The men of Second Platoon walk most of the night to the rip and boom of ordnance farther up the valley, and at dawn they find themselves close enough to human habitation to hear roosters crowing. A surveillance drone motors endlessly overhead. The men move slowly and awkwardly along the hillsides under their heavy loads but eventually come out onto a corduroy road built of squared-off timbers that serves as a skidway for the enormous trees that get cut on the upper ridges. The walking is easy but they’re wide open and after a while they leave the road and climb a brutally steep hillside to a grassy upland plateau. First Platoon comes into contact from a farm complex above town and they return fire, and then Second Platoon clears the buildings and waits in the bright fall sunlight while chickens peck past them in the dirt and cows groan from the alleyways.
Eventually a delegation of village elders tracks down Piosa and his men and leads them to a house with three children with blackened faces and a woman lying stunned and mute on the floor. Five corpses lie on wooden pallets covered by white cloth outside the house, all casualties from the airstrikes the night before. Medics start treating the wounded while Piosa’s men continue sweeping the village for weapons. They find eight RPG rounds and a shotgun and an old German pistol and some ammo and a pair of binoculars and an old Henri-Martin rifle — all contraband, but not the huge cache they were expecting. Prophet picks up radio traffic of one Taliban fighter asking another, “Have they found it, have they found it?” Obviously, they have not.
The civilian casualties are a serious matter and will require diplomacy and compensation. Second Platoon spends the night at a hilltop compound overlooking Yaka Chine, and the next morning Apaches come in to look around and then a Black Hawk lands on a rooftop inside the village.
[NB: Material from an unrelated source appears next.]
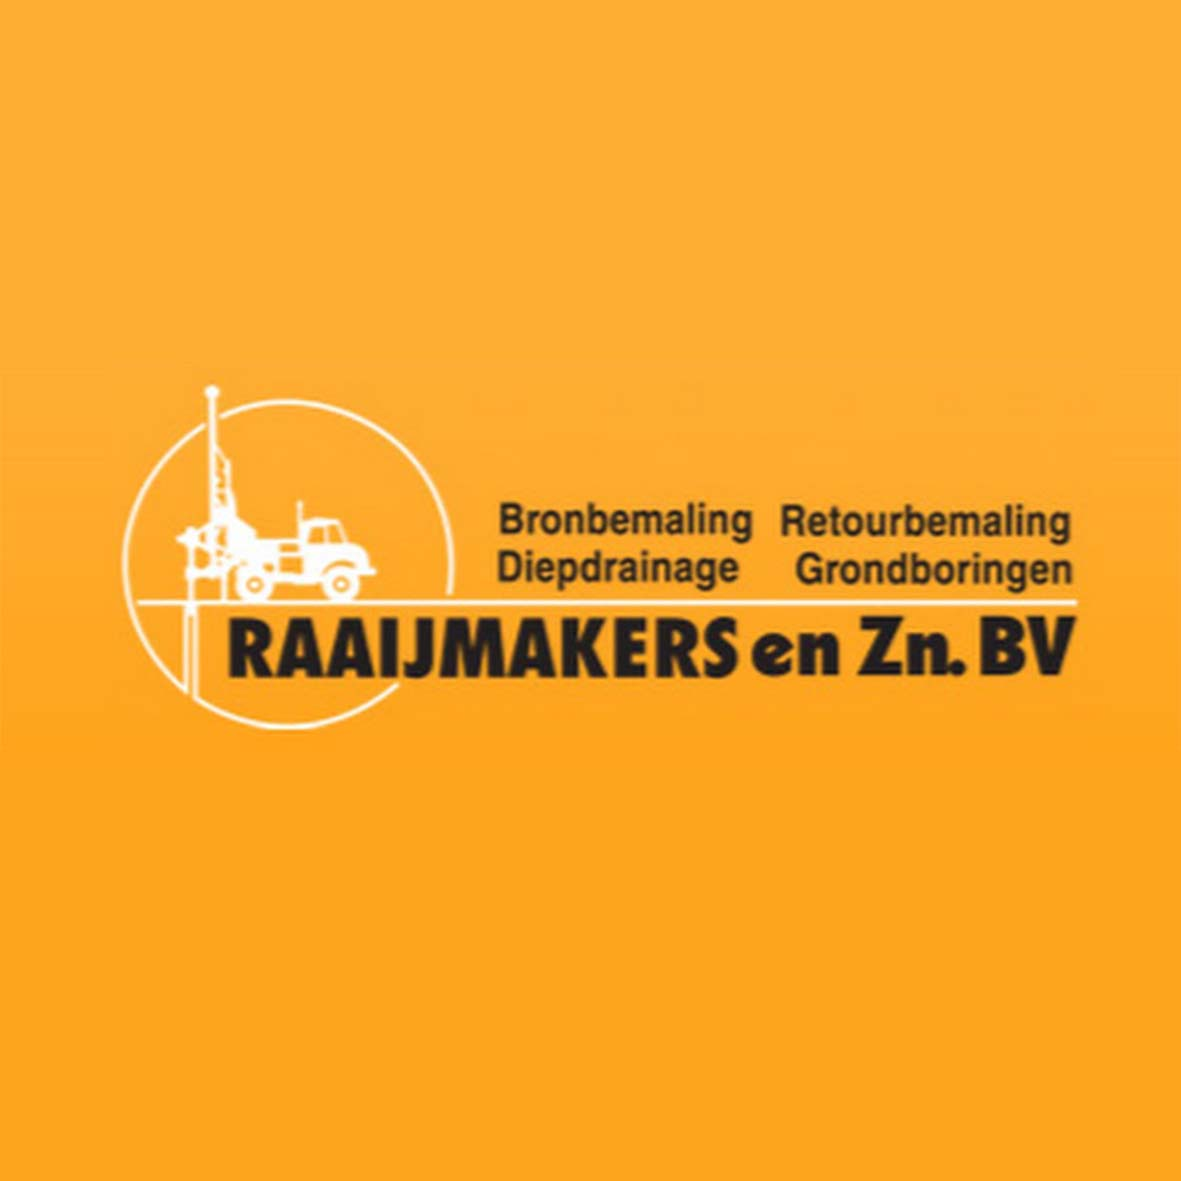 Raaijmakers

Ostlund jumps out like a strange camouflaged god and climbs down a wooden ladder to the ground. With him is a member of the provincial government — the first time a representative of any government, past or present, has made it past the mouth of the valley. Kearney arrives with Ostlund and quickly moves to the front of twenty or thirty locals with the weapons arrayed at his feet. There are old men with their beards dyed orange and eyes like small black holes and young men who don’t smile or talk and are clearly here to see, up close, the men they’re trying to kill from a distance, and young boys who dart around the edges, seemingly unmindful of the seriousness of things. Kearney is unshaven and shadowed with dirt from two nights on Divpat. The Americans are by far the dirtiest men there.
The locals sit with their backs against a stone wall and Kearney crouches in front of them to speak but soon stands back up. “I’m here to tell you guys why I did what I did. I’m Captain Kearney, the U.S. commander for the Korengal,” he says, and waits for the translator to finish. “When I come into villages and I find RPGs and weapons that are shot at myself and at the ANA, that indicates that there’s bad people in here. Good people don’t carry these weapons.”